MENTAL TRAINING TIP #5, GAP Training. What you’re about to read is perhaps the most important mental skill to learn because it unlocks all the other mental skills. GAP Training is all about awareness of thoughts. If you can’t recognize what you’re thinking, unwanted emotions will follow and you’ll be helpless to change them. So here’s what to do:
Sit in a quiet place and focus on how the air feels going in and out of your nose.
Then move your attention to your thoughts.
As soon as you notice the thought, it will temporarily drift away and you’ll be left in the “GAP” between thoughts.
Your goal is to become aware of thoughts that come into your mind, letting them go, and returning to the space in-between your thoughts. Having lots of thoughts is out of your control right now.
RECOGNIZING those thoughts is what your goal is. Once you learn to recognize, and then classify them as helpful or harmful, you will gain the power necessary to think positively.

MENTAL TRAINING TIP #4, Visualize. We find most tennis players already do some kind of visualization and don’t even know it. Try this – can you remember each shot of the last game you played? Start on the first point– what did you hit and where did it go? Congrats, you’re visualizing! Now, visualization is a skill that gets clearer and more controllable with practice. This is what you want – the ability to create ideal pictures in your mind. You eventually want them to be so clear, you can even imagine what the shot feels like. Before you know it, your actual shot will consistently match your images! A lot of professional tennis players all over the world use this technique and claim that it’s their most important mental skill.

MENTAL TRAINING TIP #3, Take Notes for Confidence. Before your match or tournament go around the facility and take notes about conditions you will play in. Notice how fast/slow the surface of the court is, where the sun is on which times of the day, wind conditions, if there is water on the courts or if you need to bring your own, know the altitude of the facility (it might help you choose the right tension for your strings), etc. Be as detailed as possible.
This step will help you better prepare for every match, and enhance your confidence as you play. Fear is really the opposite of confidence, and what causes so many to play tight and make errors. Increasing your knowledge of the unknown (ie. the opponent, facility and conditions) is one of the best ways to reduce fear and build confidence.

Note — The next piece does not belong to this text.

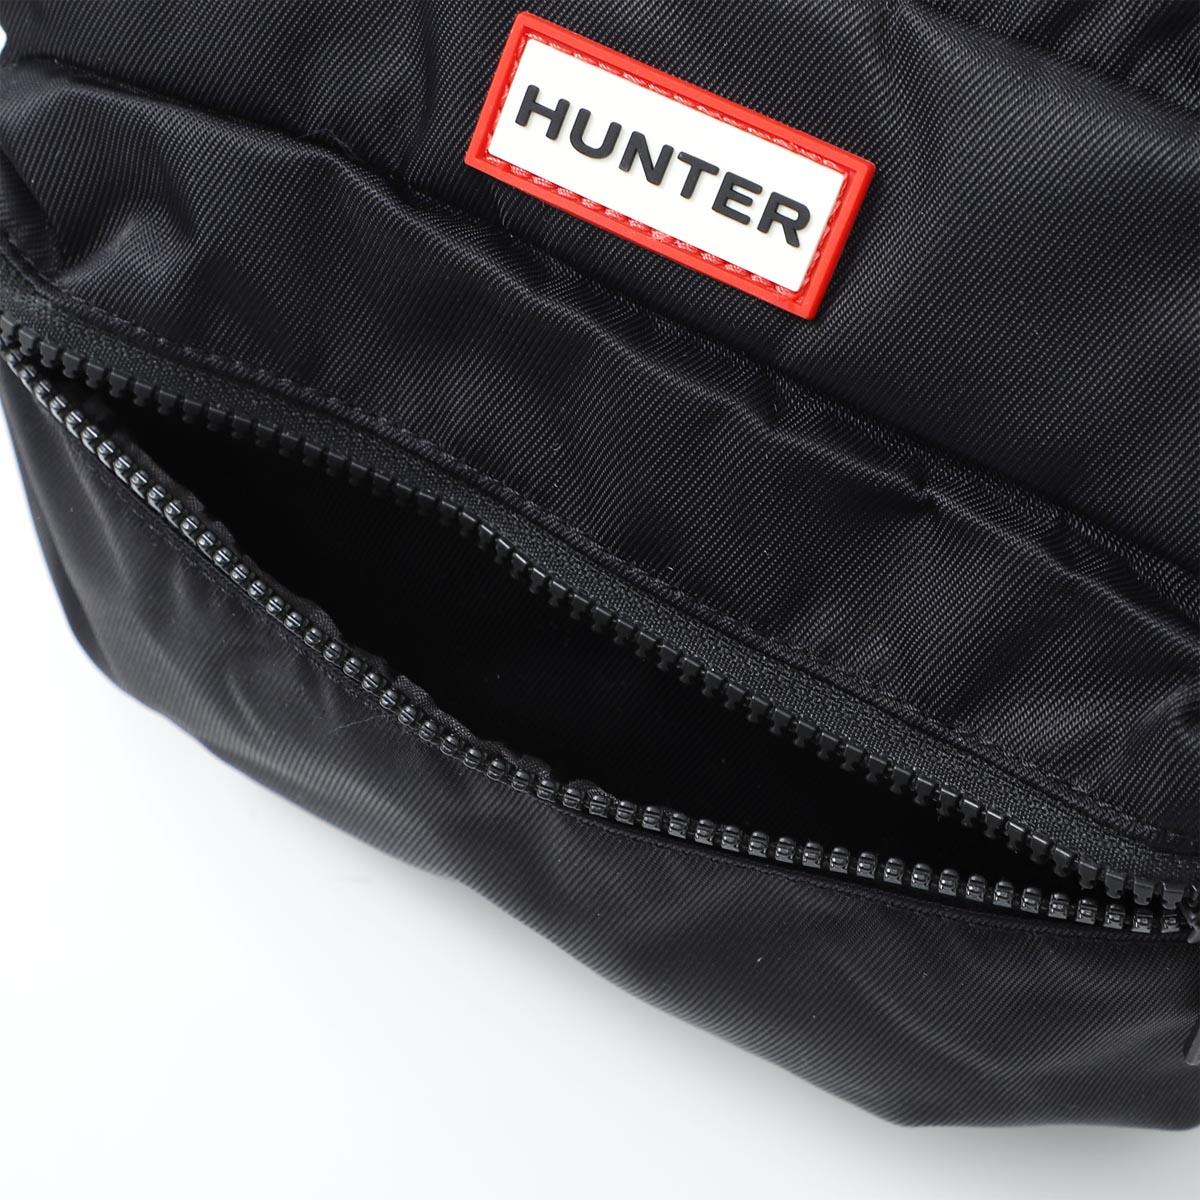 HUNTER ハンター クロスボディバッグ/ORIGINAL NYLON CROSSBODY BUMBAG メンズ

MENTAL TRAINING TIP #2, Are You Performing Between Points? Between Point Ritual: Maybe you’ve heard this amazing stat before – that there is only 10-15min of actual tennis for every hour you’re playing a match. In other words, the actual time you spend engaged in a point is quite small compared to the time it takes between points. Since there is so much time between points, it can have a big effect on the way you play the next point.

So, we recommend using your time REALLY well, to basically put the last point behind you, recover and prepare for the next point. To do this, we’ve create an ideal between point ritual: 1) Switch the Racket: out of your dominant hand to relax your arm and prevent a hanging racket; 2) Control Your Eyes: so they generally stay on your court – thoughts tend to follow eyes; Breathe/Relax: nervousness tends to produce shallow breathing and tense muscles; and, Visualize: see what you’re about to do to start the next point.

When you say all 4 parts together, it rhymes: Switch the racket, Control the eyes, Breath/relax, and Visualize.

MENTAL TIP #1, This One Is Critical: The week prior to a match, don’t change what you typically do with regard to your normal preparation (strokes, warm-up, routines, food, etc.). Yes, my first tip is to be cautious about what tips you add! However, there is one big exception – sleep.

I strongly suggest preparing yourself for matches by going to sleep and getting up at approximately the same time for an entire week prior. Trying to play after getting a few less hours than you’re used to, or getting up a few hours earlier than normal, can affect your coordination, emotion control and decision making (ie. your performance!). Assume you’ll have an early match and get yourself used to being up early. You’ll have a big advantage over other players.